-- Opening Marker --
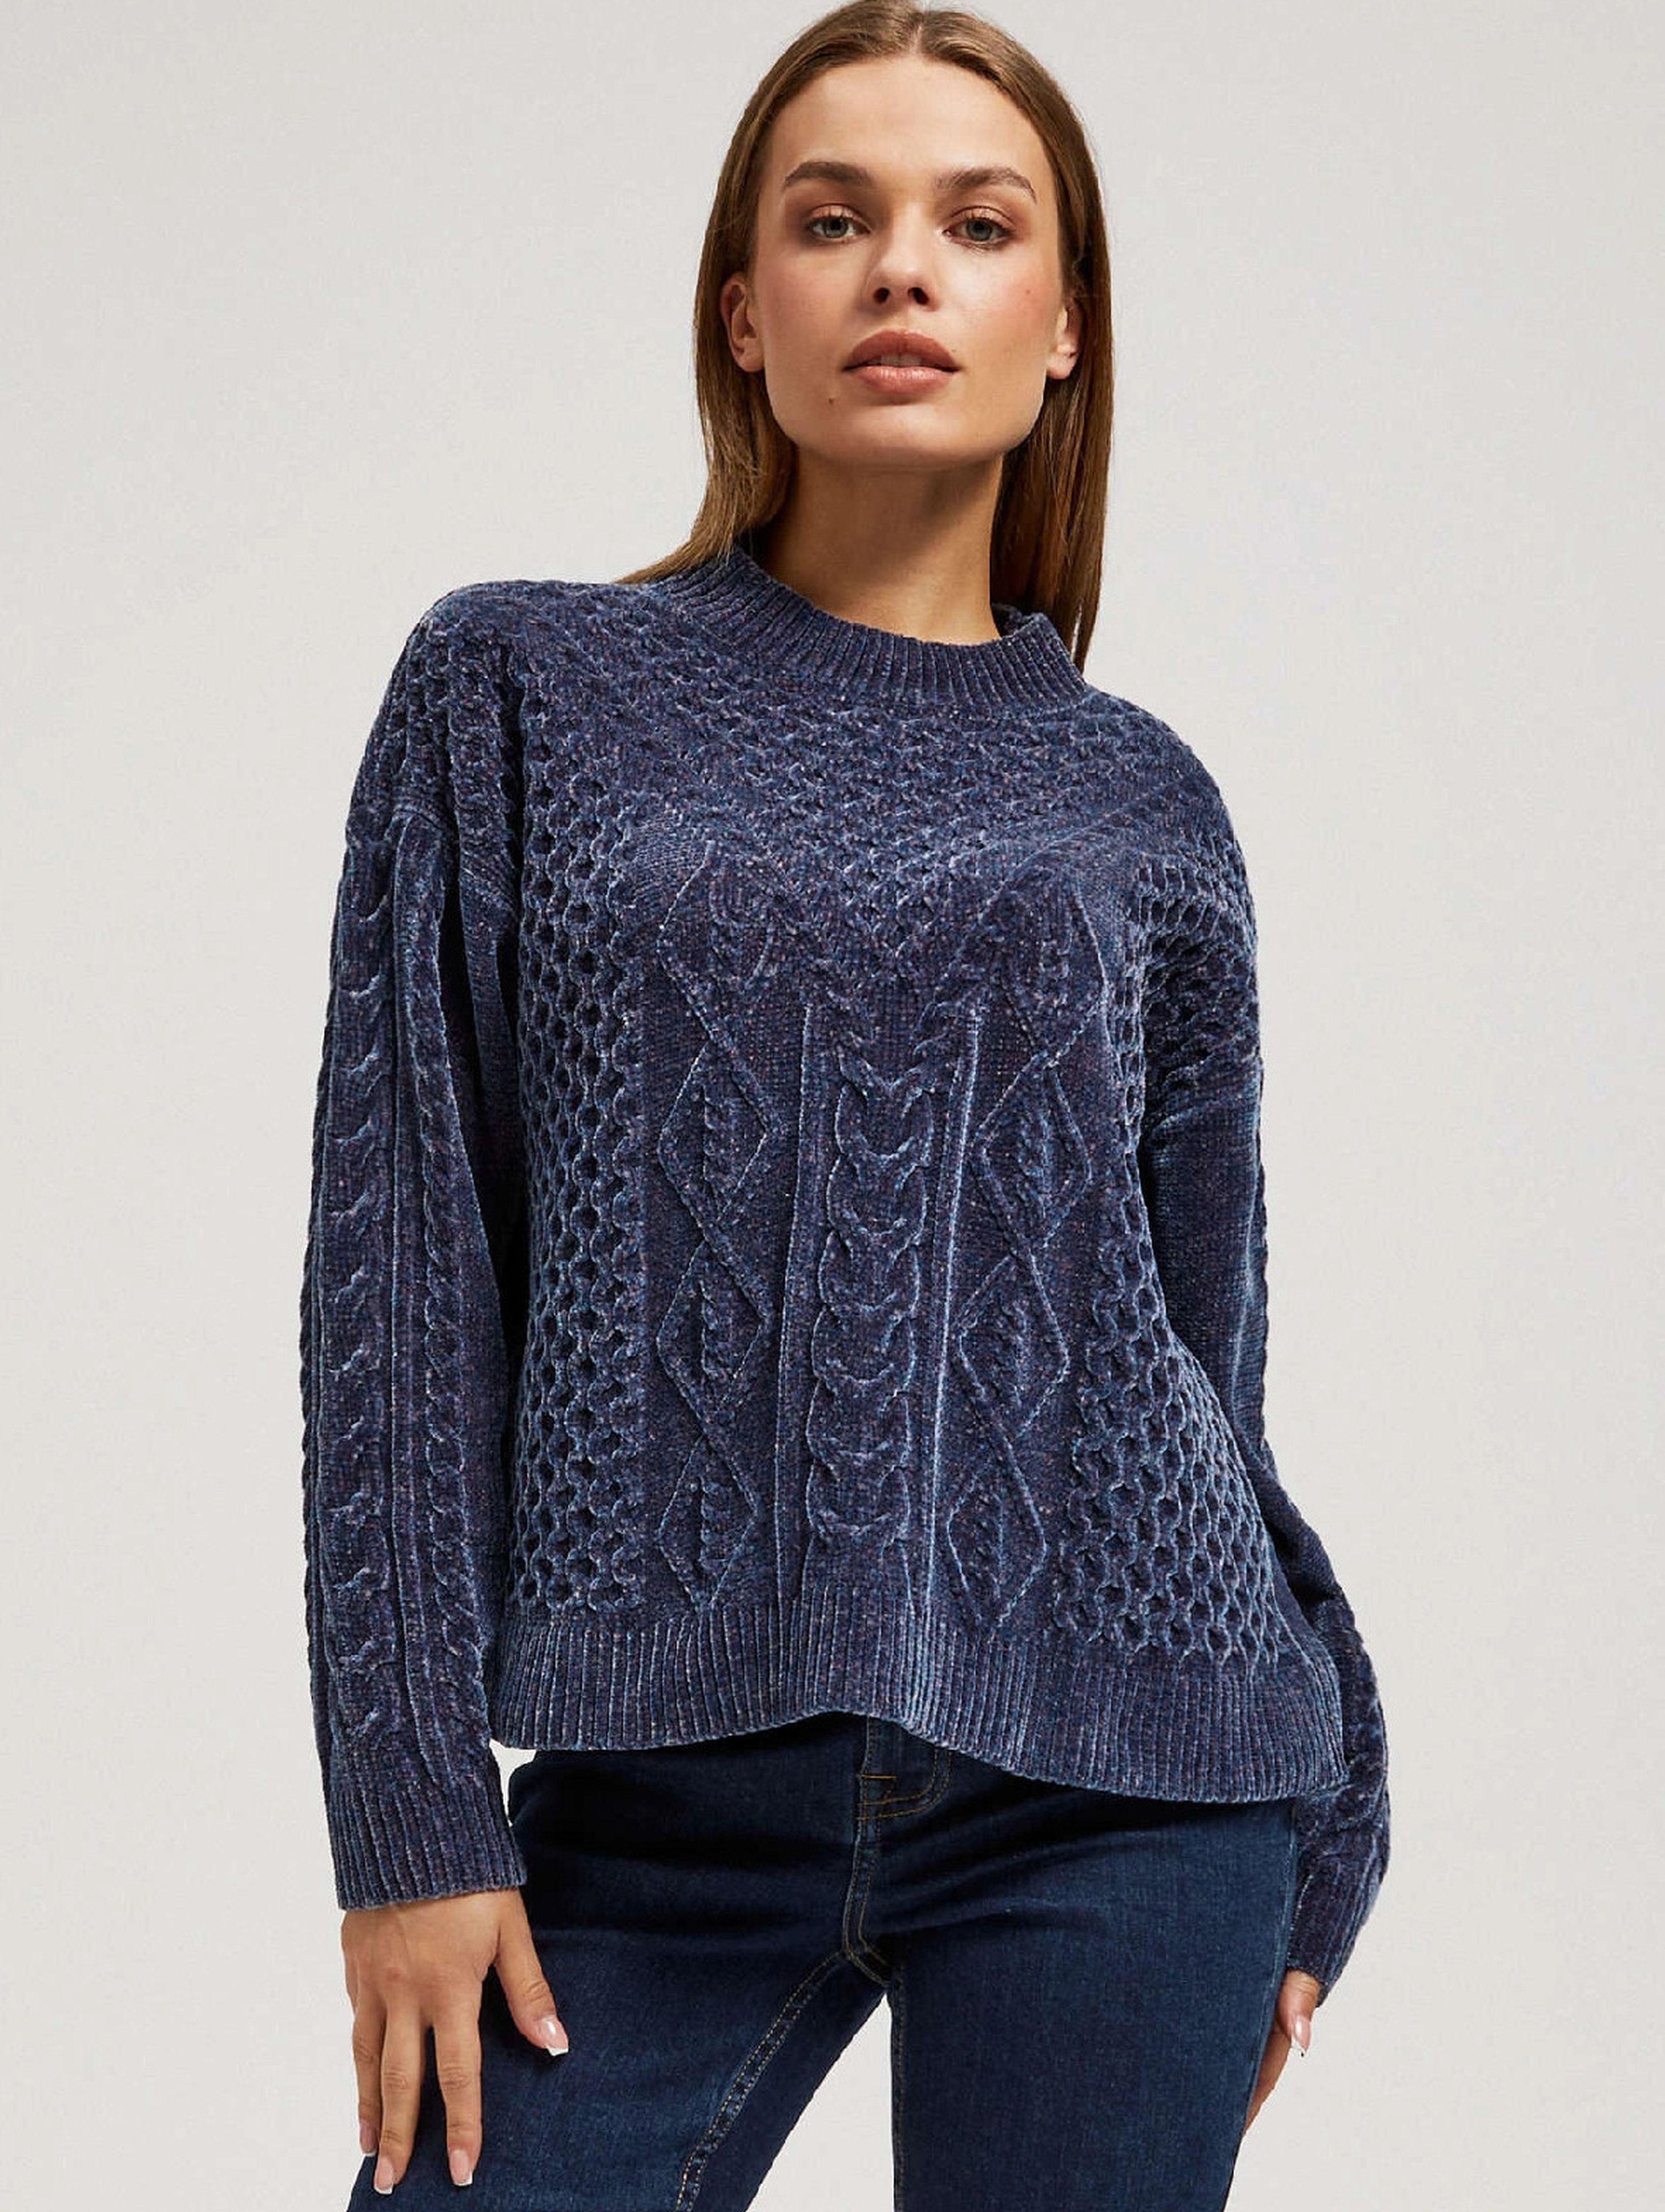 Granatowy sweter damski luźny z ozdobnym splotem
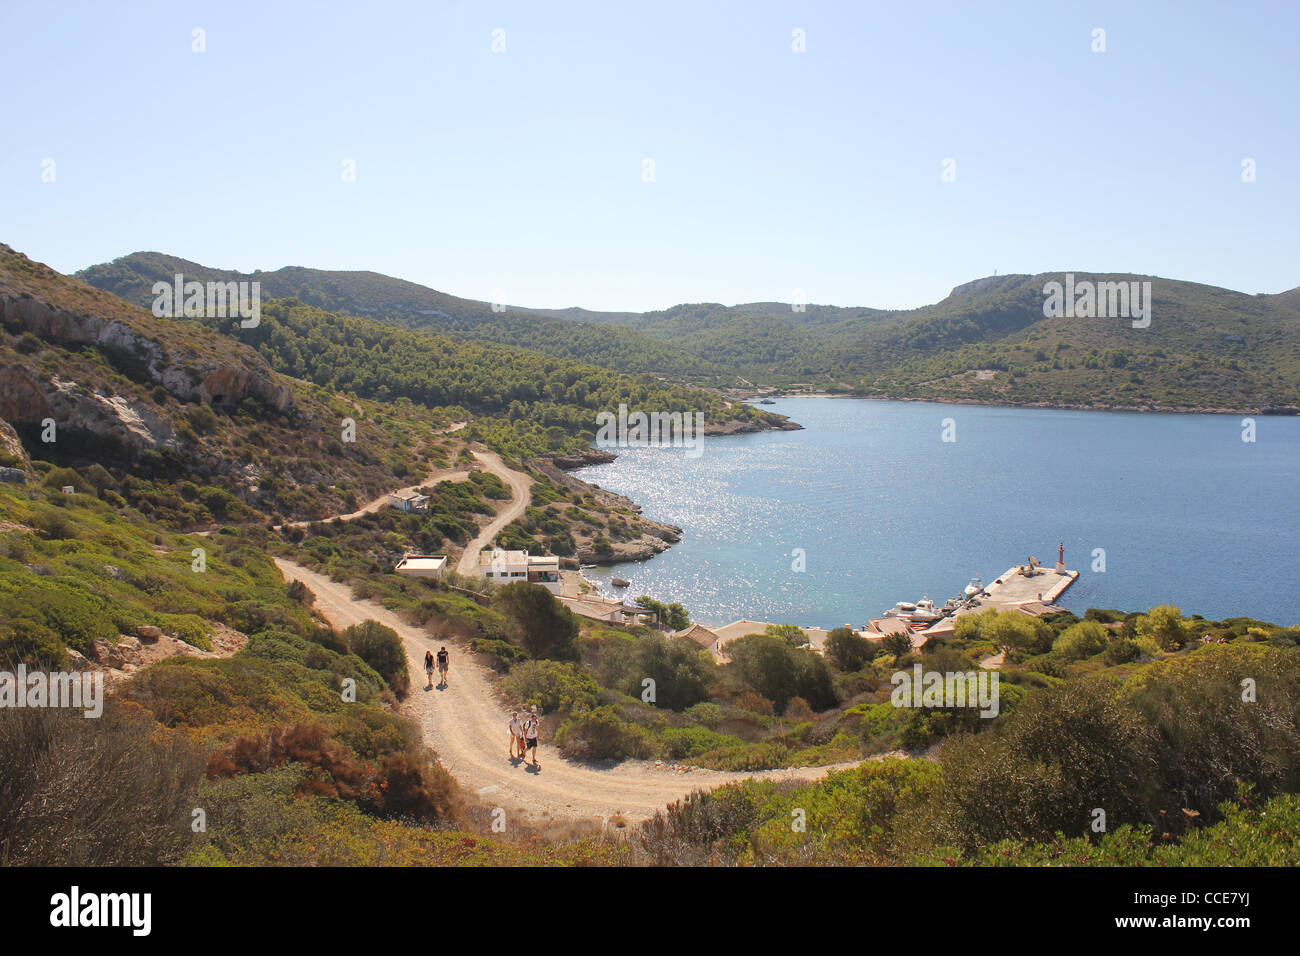 Scène sur l'île de Cabrera Cabrera, archipel d'îles, un parc naturel Espagnol, situé au sud-est de Palma de Mallorca Banque D'Images
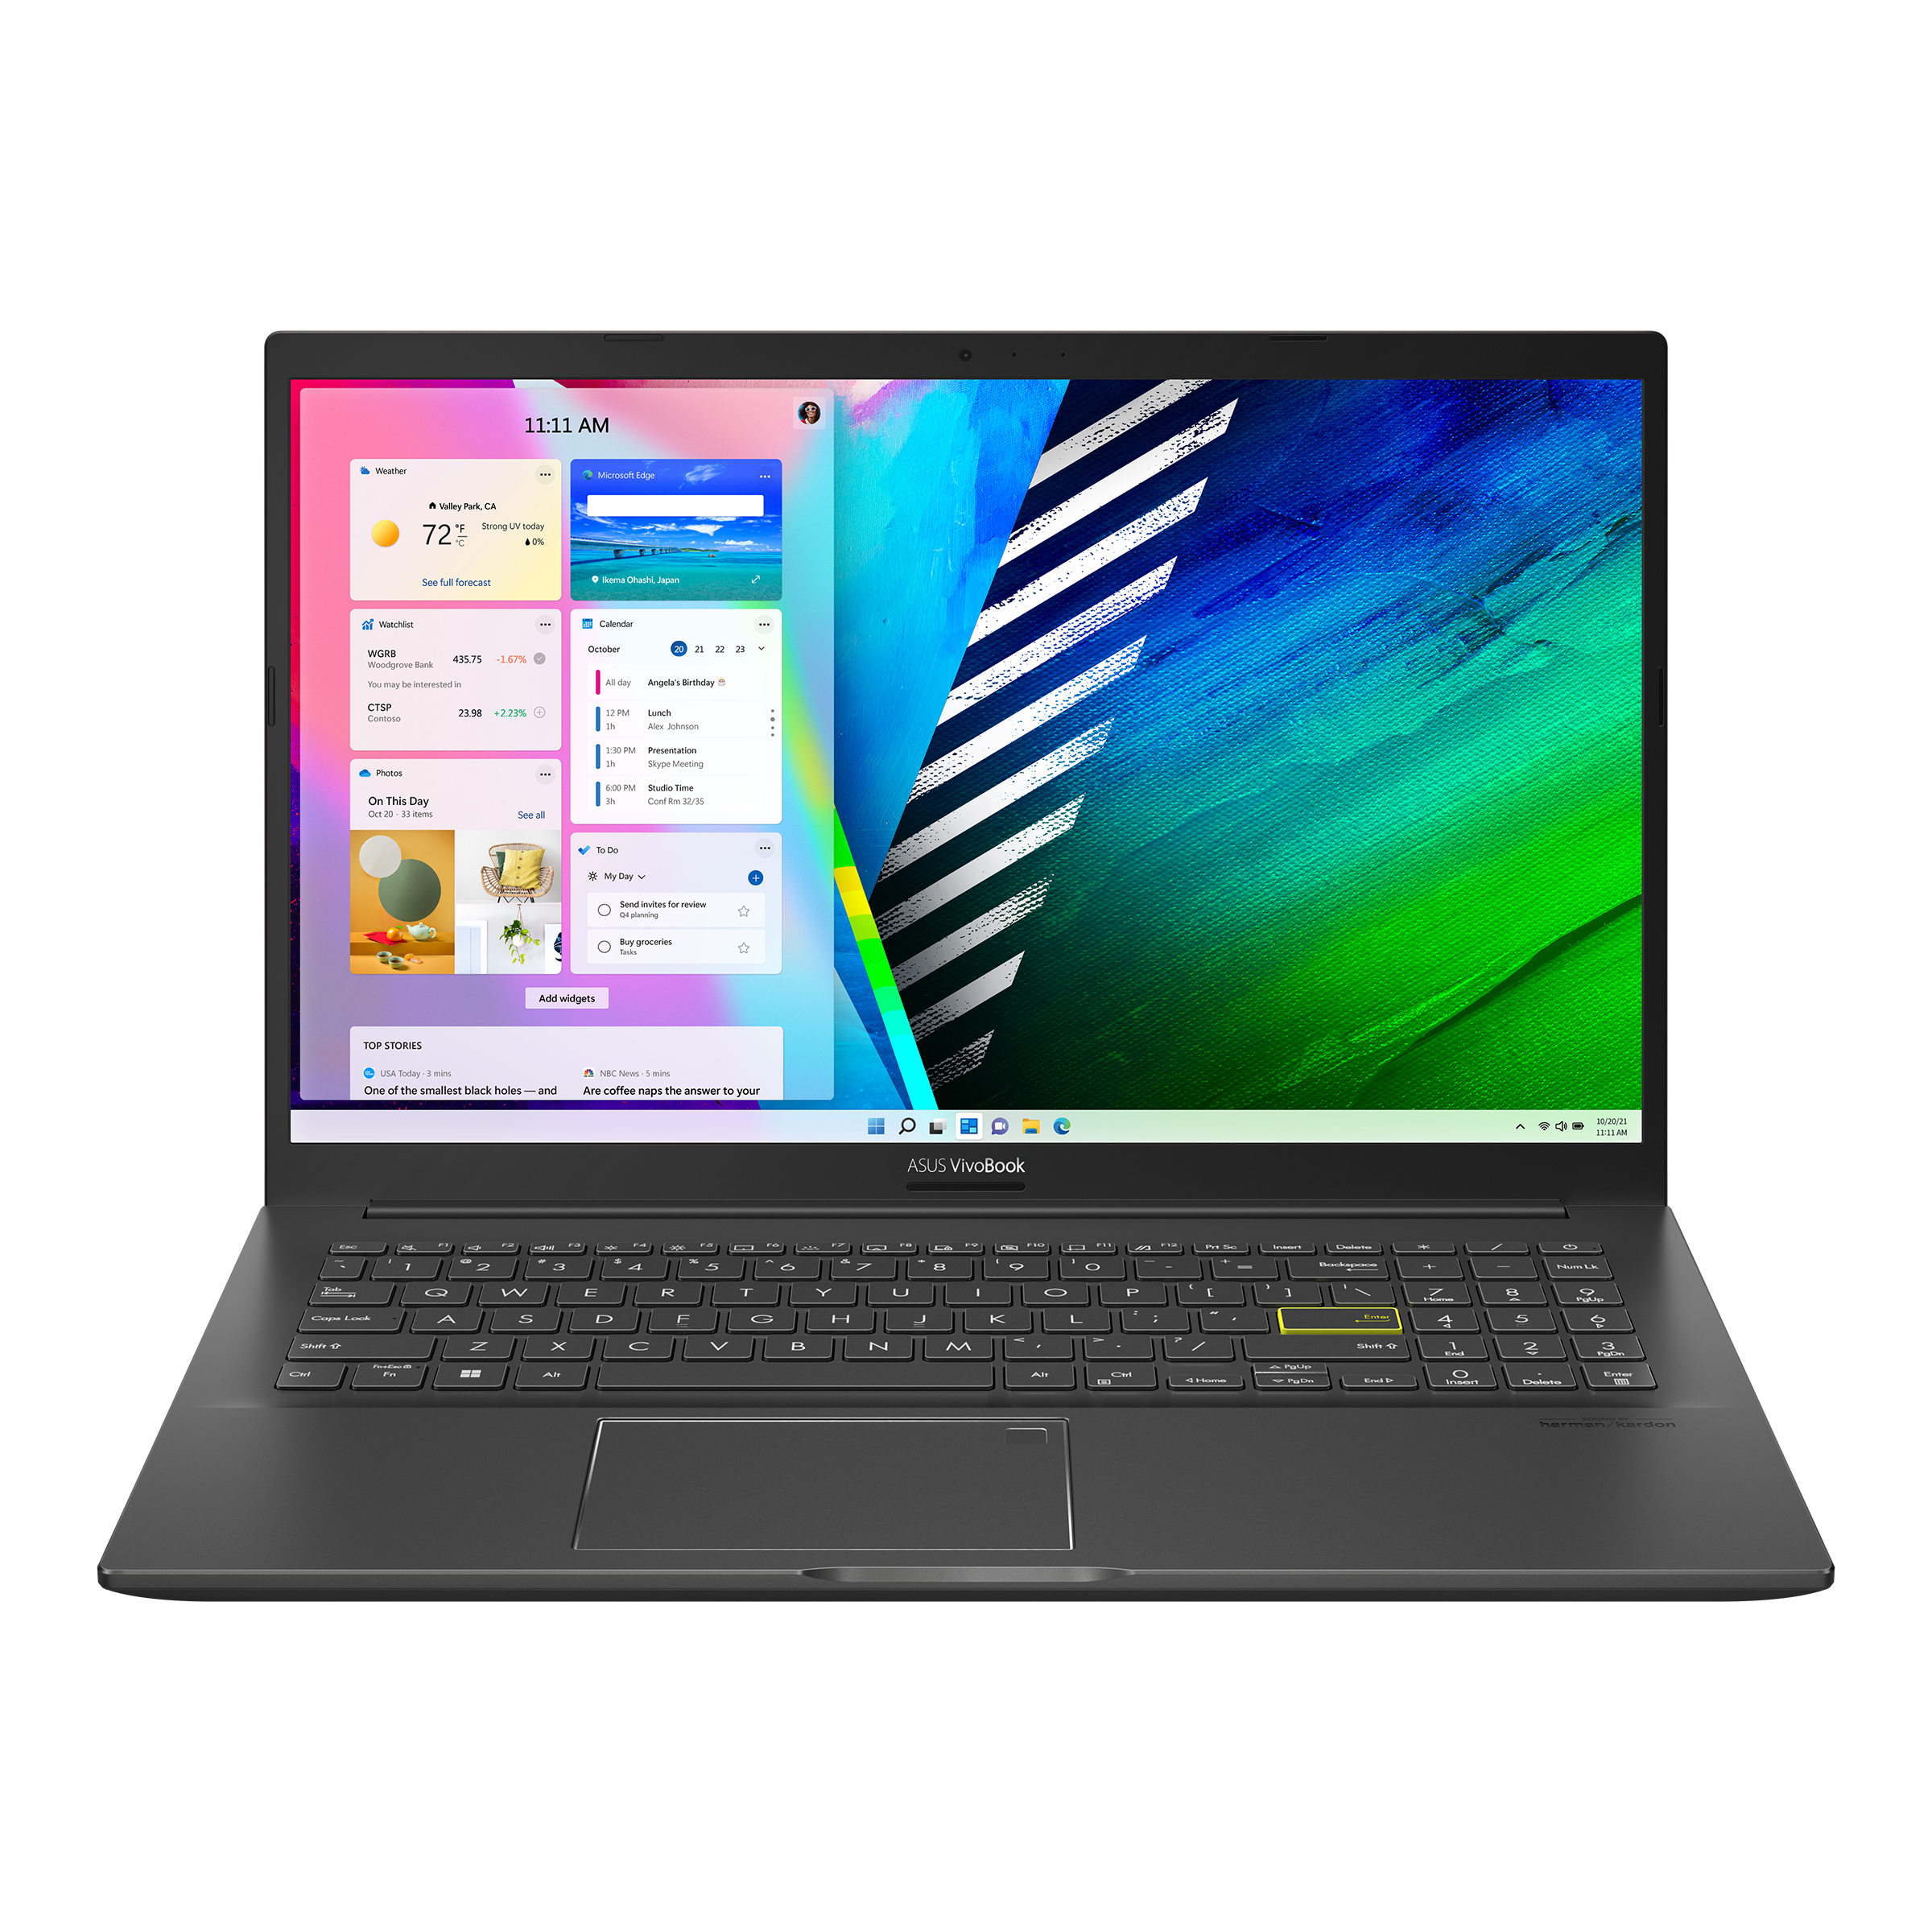 Vivobook 15 OLED K513 (11th gen intel)
-- Closing Marker --
Task objective ::
Restate the entire listing word for word, excluding pictures.

Result of the task ::
 Granatowy sweter damski luźny z ozdobnym splotem
 Scène sur l'île de Cabrera Cabrera, archipel d'îles, un parc naturel Espagnol, situé au sud-est de Palma de Mallorca Banque D'Images
 Vivobook 15 OLED K513 (11th gen intel)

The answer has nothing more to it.